What programming language should you choose? For Revit

A common question that I find myself answering often is: what should I learn to automate tasks and create my own Revit tools?

Usually, my answer goes on and on for at least 15 minutes, and if the lucky listener is still interested afterward, I would jump to the second part of my answer sharing personal experiences. Today, lucky reader, I am giving you the answer in the shortest time possible.

Among the many options available, I believe that the most accessible and suitable for someone who has never programmed before is Dynamo. Dynamo is a visual programming tool, meaning that instead of writing code in a text editor, we are connecting elements visually. And this is the key element of Dynamo, it is very intuitive and the learning curve is not steep.

For example, if we want to create a plan view in Revit, we only have to use two nodes while with more advanced options, it can get a bit more complicated:

After mastered Dynamo, something that you probably desire in Dynamo is the ability to condense code or use loops. This is the moment when you know you have to jump to the next step; choosing a textual programming language. To me, Python is just perfect. It is a language that can be used in so many other endeavors; automating tasks in Windows, databases, web scraping, data analysis, machine learning and so on.

There is another option at this stage, DesignScript, a language specifically developed for Dynamo. I personally don’t consider it a good option when you have Python. It all boils down to pragmatism, check the number of projects and jobs for Python and check the ones for DesignScript and you will get a clear picture.
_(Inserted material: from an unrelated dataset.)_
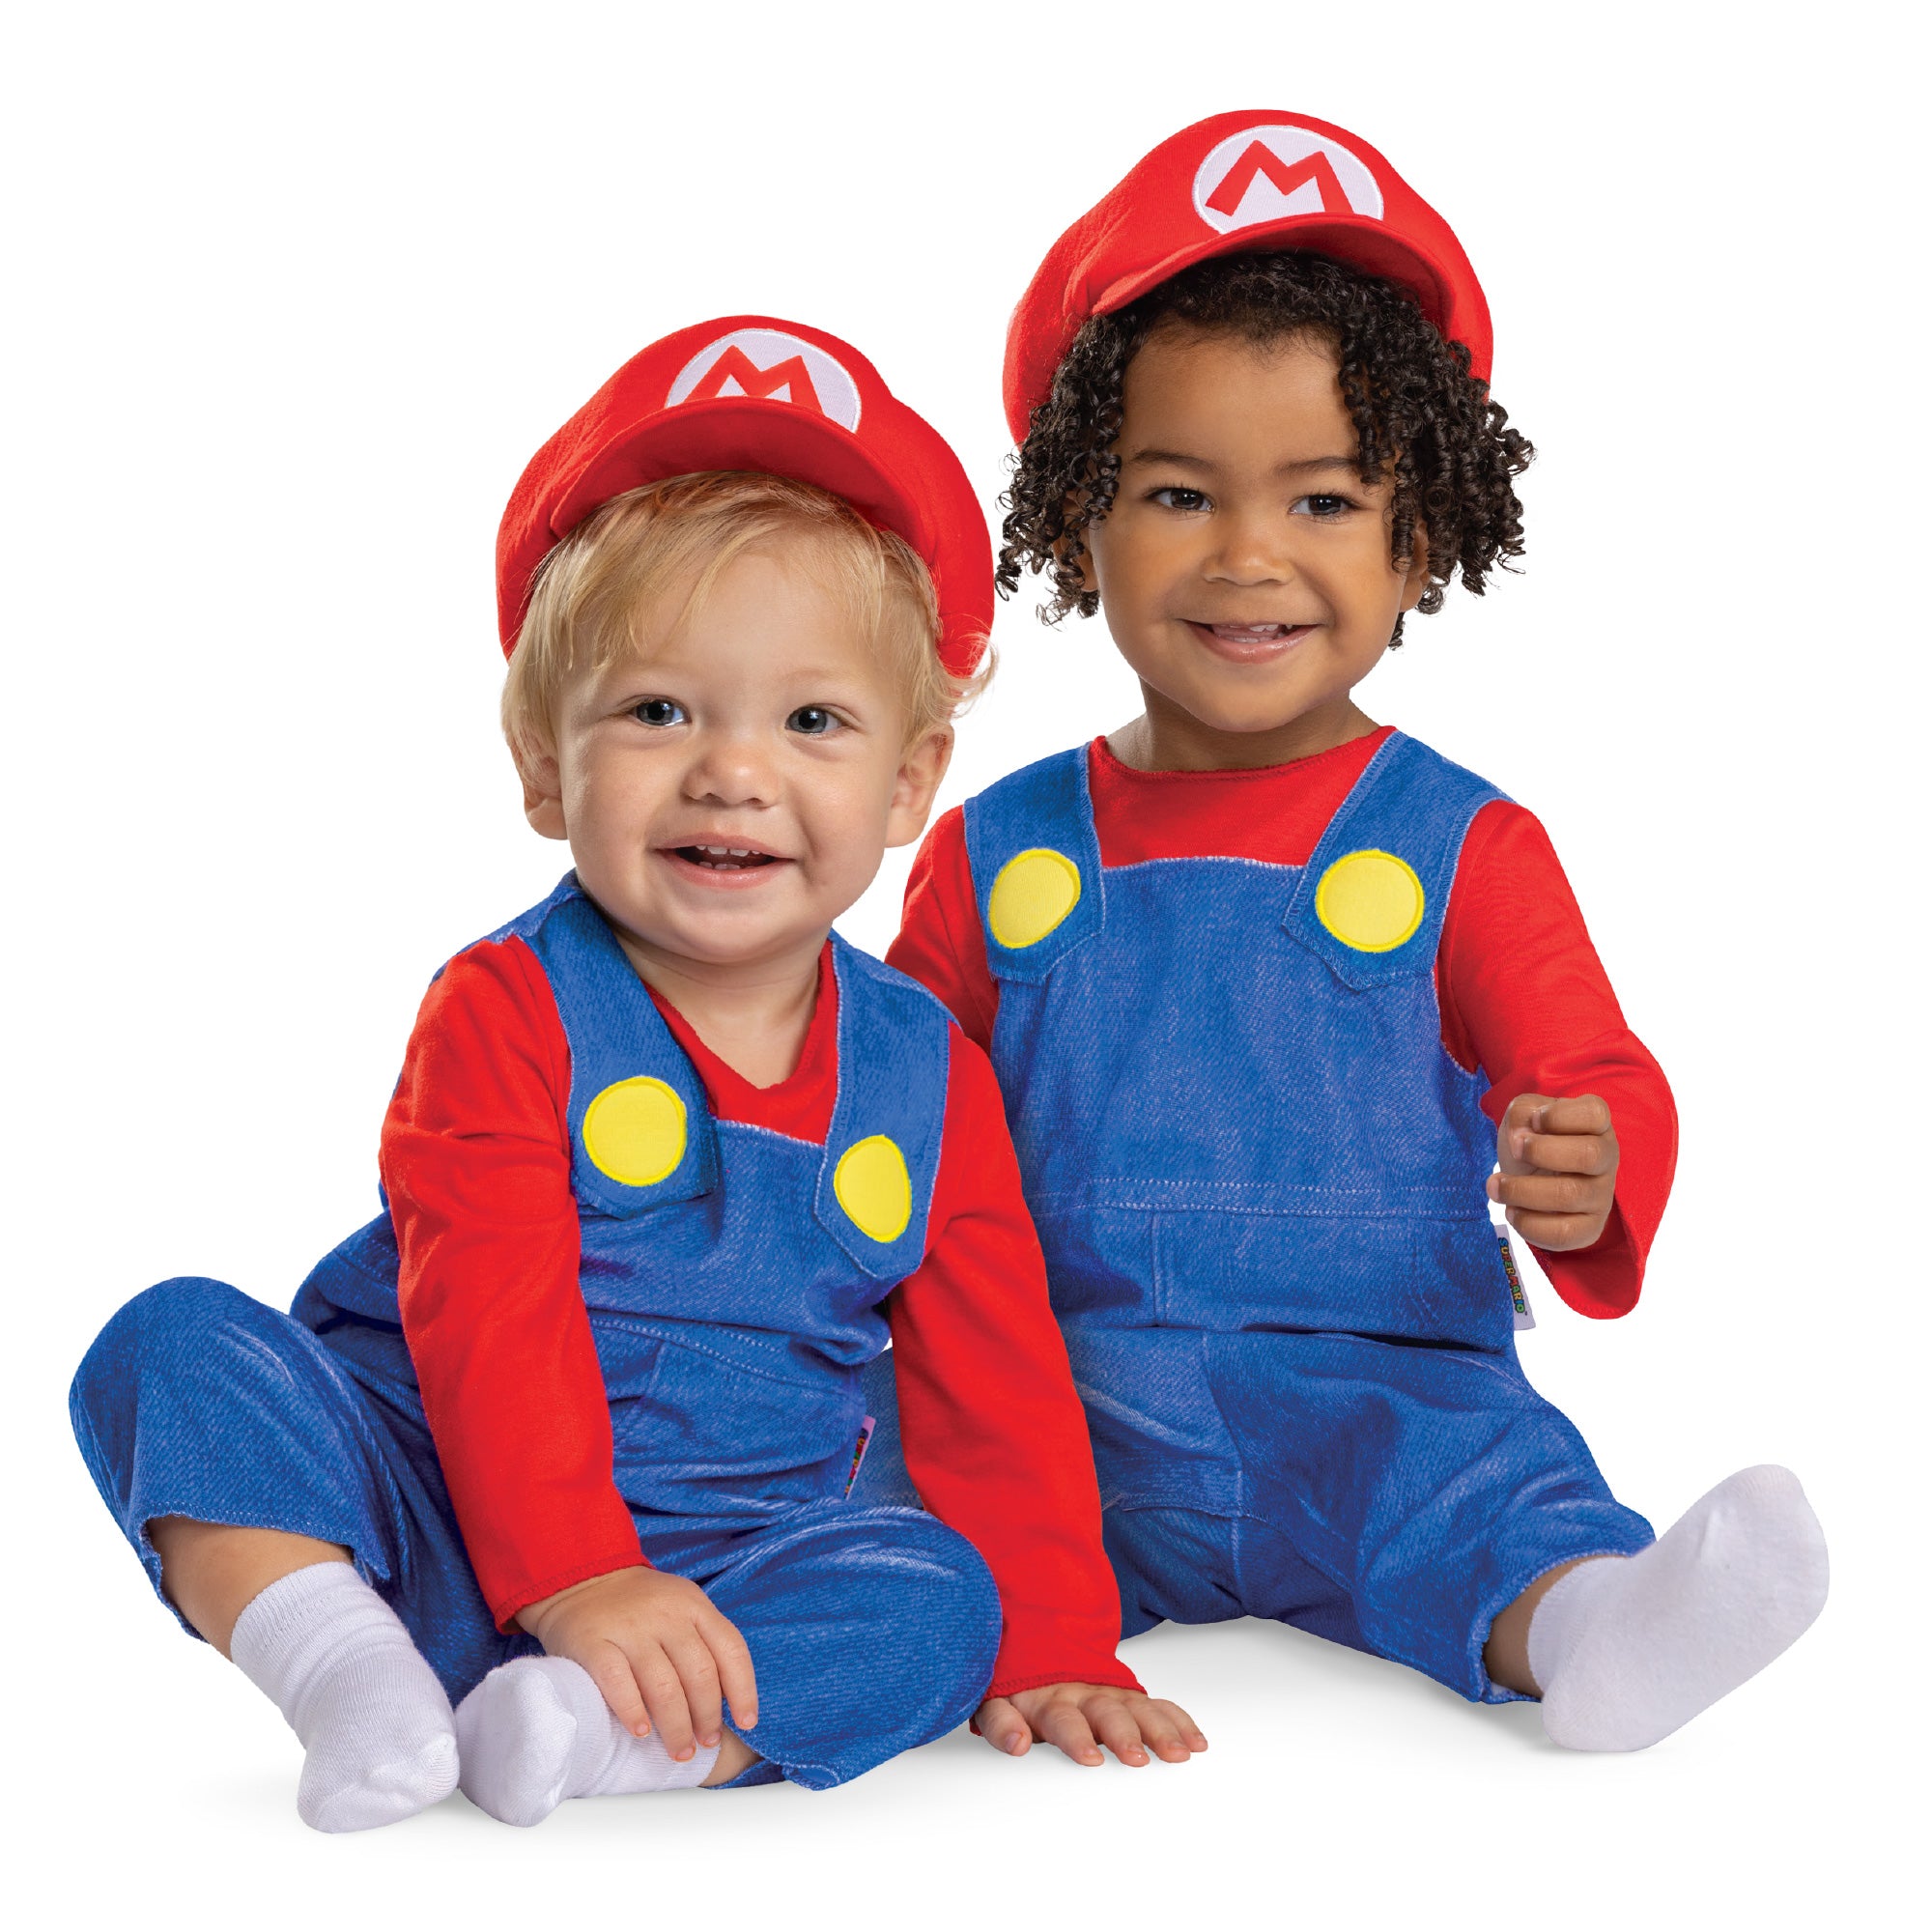 Infant Super Mario Posh Costume

Let’s check the code for creating view plans in Python:

Yes, I know what you are thinking, the code is much longer and complex than connecting those two nodes in Dynamo! Well, it is, no arguments. But bright side, when your code and tasks grow, this one has no dependencies and can be integrated into pyRevit.

As the last step, when you start considering performance and creating proprietary code, that is the moment when you start thinking about the .NET platform. And the beautiful part of .NET is that allows you to develop in any language compatible, IronPython, Ruby, Visual Basic, C++, C# among others.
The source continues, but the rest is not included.